Qualquer
pessoa que saiba o que custa de investimento pessoal, cognitivo e até
financeiro pesquisar acervos, obter revistas antigas e recortes de jornal para
montar um quebra-cabeça que pode se chamar biografia, mas também sociologia,
história ou até crítica literária, deve estar de cabelo em pé com o lobby da MPB – Movimento Proibitivo de
Biografias, por supuesto.
A
MPB, ou melhor: o MPB está defendendo seus cofres e talvez alguma fofoca desabonadora, mas dá de
ombros para o efeito de sua tomada de posição em um assunto tão grave como o
dos direitos da personalidade, confrontados com o da livre expressão.
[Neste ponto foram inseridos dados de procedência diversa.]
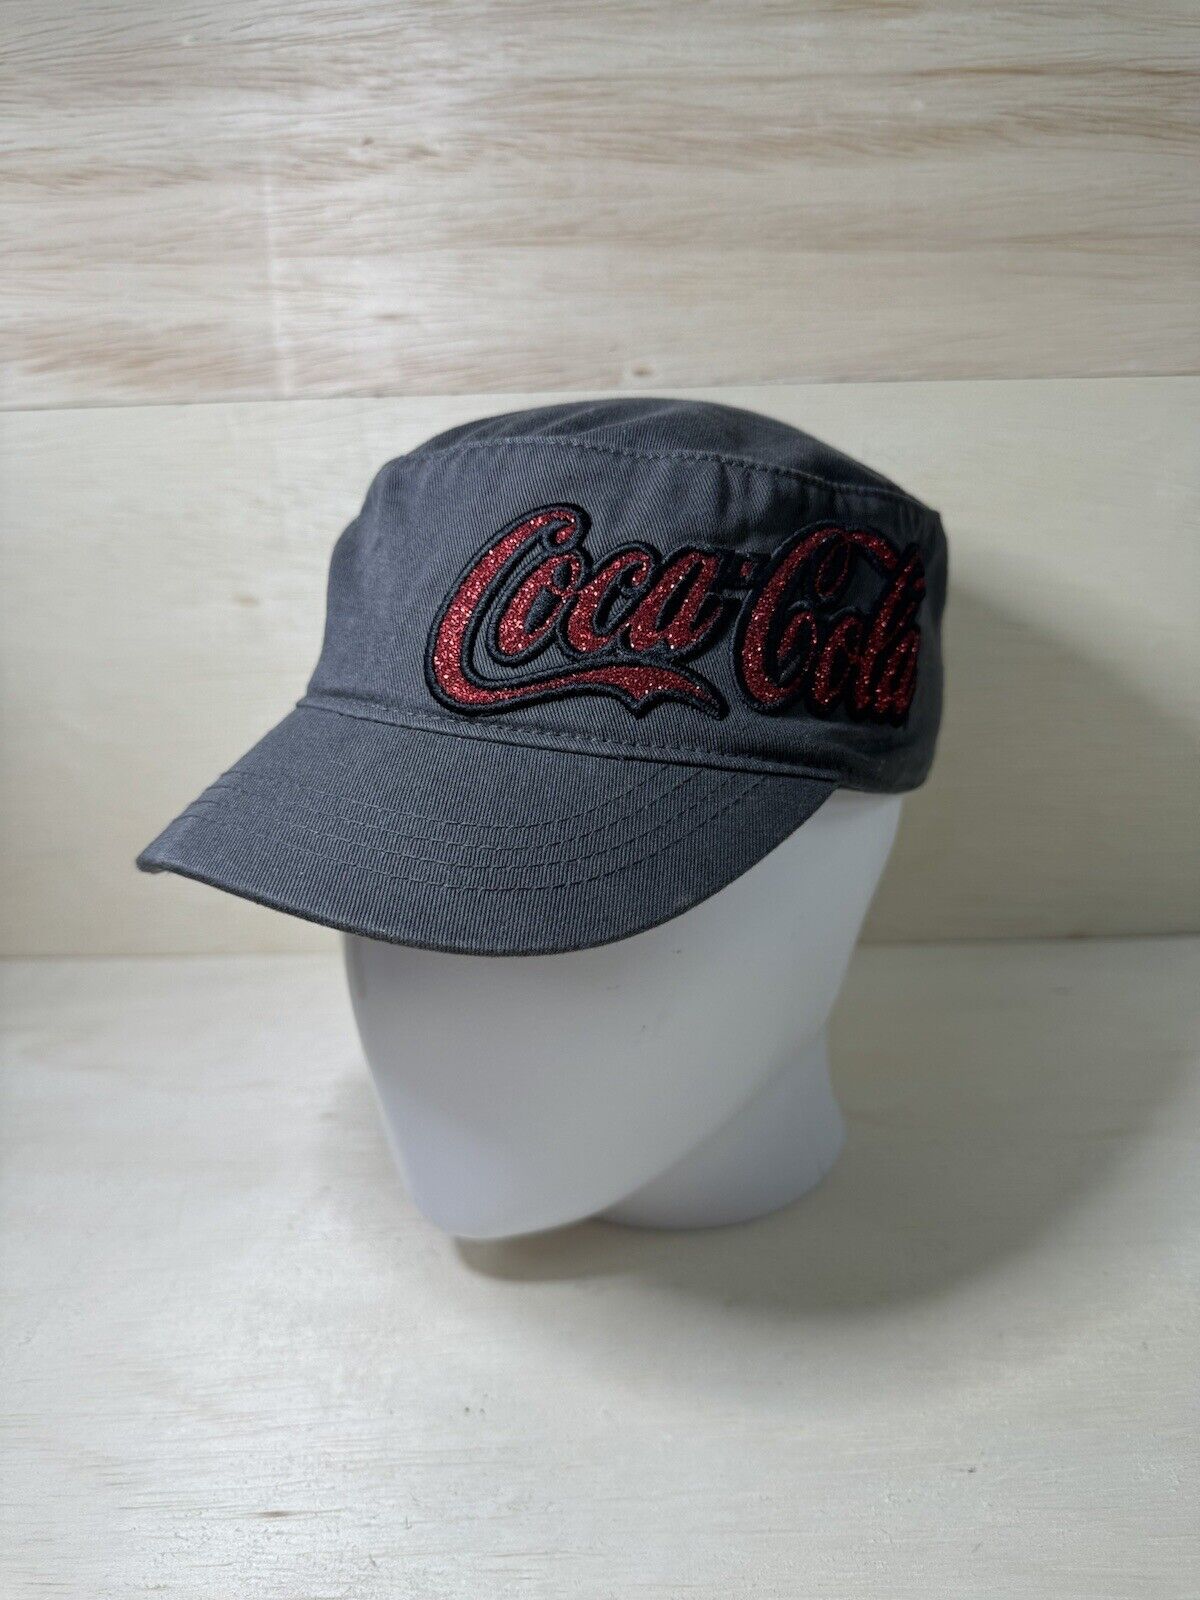 Coca-Cola Coke Hat Cap Cadet Grey Red Adjustable Embroidered Sparkle Logo OEM

Deus me
livre de perder precioso tempo com uma biografia do Chico Buarque: adoro suas canções, declaradamente,
e até já fui de muletas a um show seu no Teatro Castro Alves, mas não tenho
paciência nem sequer para o narrador de Leite
derramado, que, deitado no leito de um hospital, conta profusamente o lado
mais sórdido de sua existência a uma filha, sempre lhe requisitando atenção: “Mas você perdeu lances fundamentais de minha
vida. Do jeito que anda relapsa, quando você compilar minhas memórias vai ficar
tudo desalinhavado, sem pé nem cabeça” (abertura do capítulo 21).
Eulálio
d’Assumpção, o narrador preocupado com a estrutura de sua “biografia autorizada”,
poderia muito bem ficar nas páginas da obra, chorando o seu leite derramado. Mas,
como um dia arrisquei fazer, terá fugido de muletas para ver Chico Buarque; e,
muito mais ágil e impudente, subiu assim o morro da Gávea e entrou
sorrateiramente na casa do criador, fazendo-o refém e assinando declarações em
seu nome. Grande Eulálio! Mais modesto, eu me contentei em aplaudir e voltar
para casa.
Mas
será que o Chico, quer dizer, o Eulálio, ou algum de seus amigos, está minimamente
preocupado com o alcance de suas objeções à flexibilização do Código Civil?
Lembrei-me
do episódio que envolveu o poeta Lêdo Ivo quando da publicação de seu livro “O
vento do mar”, uma espécie de autobiografia literária mista de antologia e
reportagem fotográfica. Ao escritor que fora amigo pessoal e vizinho de Manuel
Bandeira em Teresópolis, a quem o autor de “A cinza das horas” sempre
incentivou – e os registros são muitos, a começar pela evidência do prêmio
concedido a “Ode e elegia”, ainda na
juventude de Ivo – pois a este amigo do amigo do Rei (que não é o Roberto
Carlos, mas o de Pasárgada), foi negado o direito de reproduzir uma foto sem autorização
e pagamento prévio.
Ocorre
que Bandeira nem sequer deixou herdeiros em linha direta – não teve filhos,
como diz no poema “Testamento” – mas apenas colaterais, cuja atenção para com o
poeta, em vida, fora a mínima possível, como em boa hora expôs, com a verve de
sempre, um indignado Lêdo Ivo.
Na
entrevista, que vale a pena reler agora, Lêdo Ivo ainda chamava a atenção para
os impasses criados pela família de Cecília Meireles à biografia da poeta.
(Família, aliás, que muitas vezes preferiu brigar a cuidar bem do acervo.) Quer dizer, a questão da fotografia com Bandeira fora
imediatamente percebida como um debate maior, e o problema das biografias – de que
então nem se falava – ocorreu ao autor de “O vento do mar”.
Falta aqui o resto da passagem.